UM has launch control and no-lift-shift for the manual TT RS that should make 1/4 mile blindingly fast and relatively brainless. Having seen it work on my friend's Golf R (Stage 2) who ran a 12.5s at Englishtown, I just wished UM made it for my 3.2 TT :beer:


----------



## primetime21 (Feb 14, 2013)

sentari said:


> Why don't some of the TT-RS folks post their 0-60 slips/times.....1/4 mile times too... All this talk and so little actual performance stats...


I already have... I don't just talk I actually race my toys...


http://forums.vwvortex.com/showthread.php?6061864-First-passes-in-TTRS...


----------



## primetime21 (Feb 14, 2013)

JohnLZ7W said:


> A stock DSG is running about the same times as a stage 2 manual car. They can rip off 3.6s to 60 all day long and running to 100 in just around 10s flat.


Ok... Please point me to a slip from a certified dragstrip showing a 60ft time... Thanks!


----------



## JohnLZ7W (Nov 23, 2003)

No 60' times but 3.6 is what was reported pretty much universally across the reviews when it was tested


----------



## primetime21 (Feb 14, 2013)

JohnLZ7W said:


> No 60' times but 3.6 is what was reported pretty much universally across the reviews when it was tested


Not rying to argue but I prefer real data not tuner data or magazines, they just have too much stake in the game... Also, pbox data especially the display is not very reliable and slope needs to be considered... Is stronic faster?

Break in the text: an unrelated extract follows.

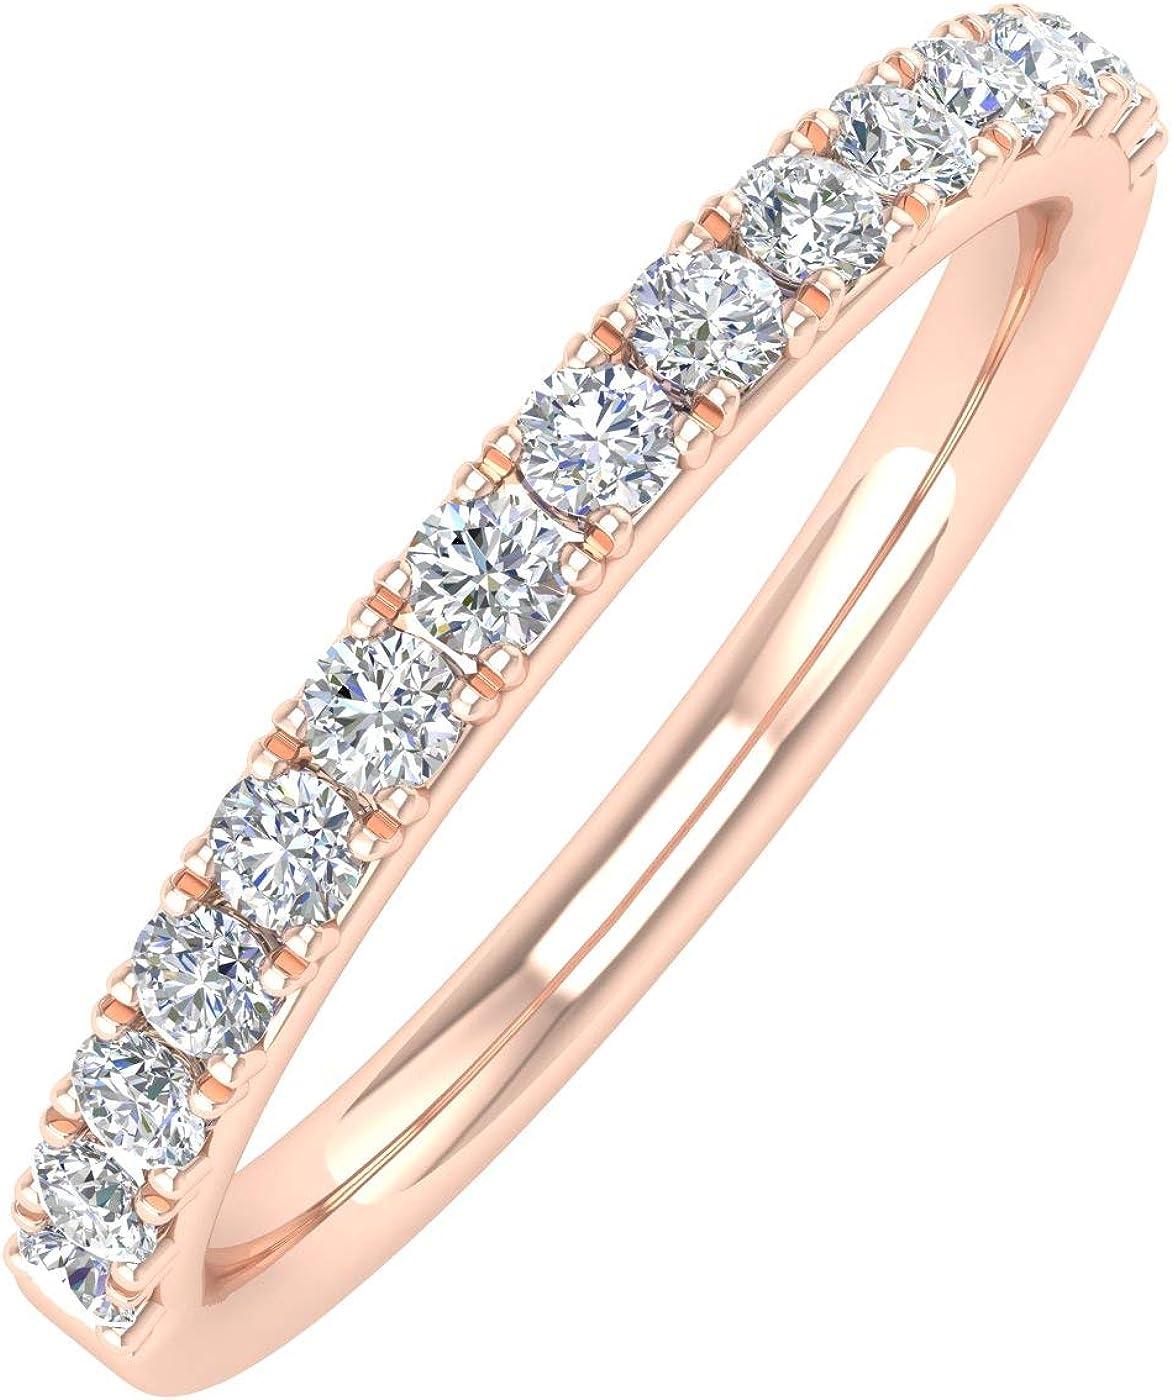 1//3 Carat Diamond Semi-Eternity Wedding Band Ring in 10K Gold
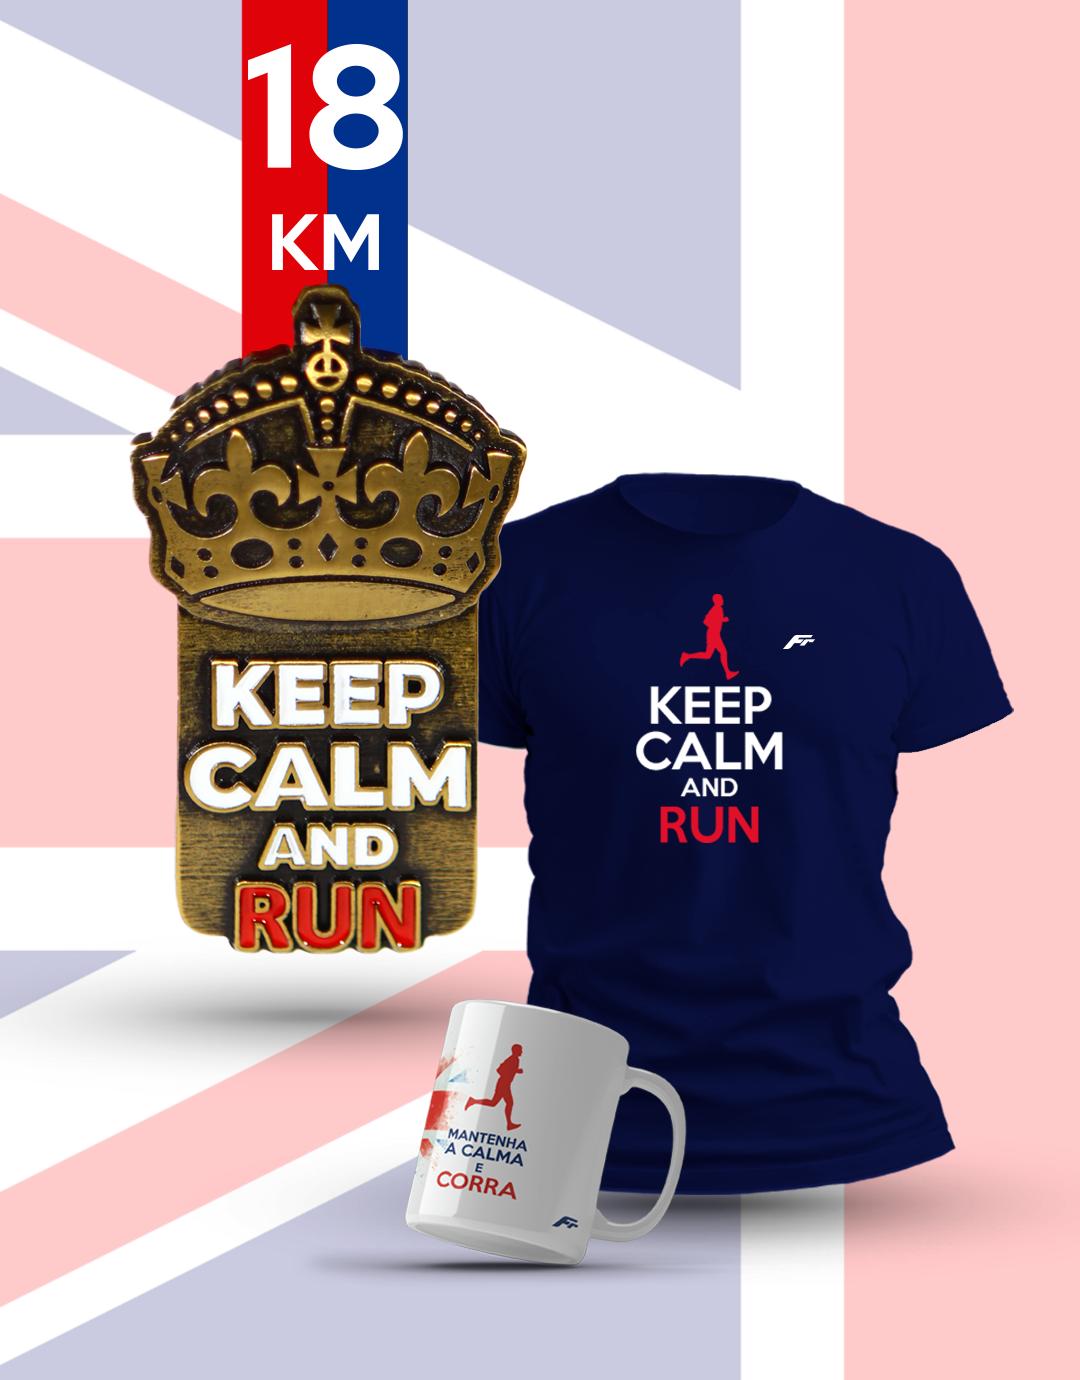 Pacote Keep Run 05 - 18KM

Probably and especially tuned but stock audi LC is weak... I've cut better 60ft times in my s4 than any audi or GIAC LC s4... 

Here are some fast dsg ttrs times with not so impressive 60 ft times IMO...

http://audisrs.com/archive/ttrs-s-tronic-mrc-410__o_t__t_27504.html


----------



## tdi-bart (Feb 10, 2011)

spray some wd40 on your tires for faster acceleration


----------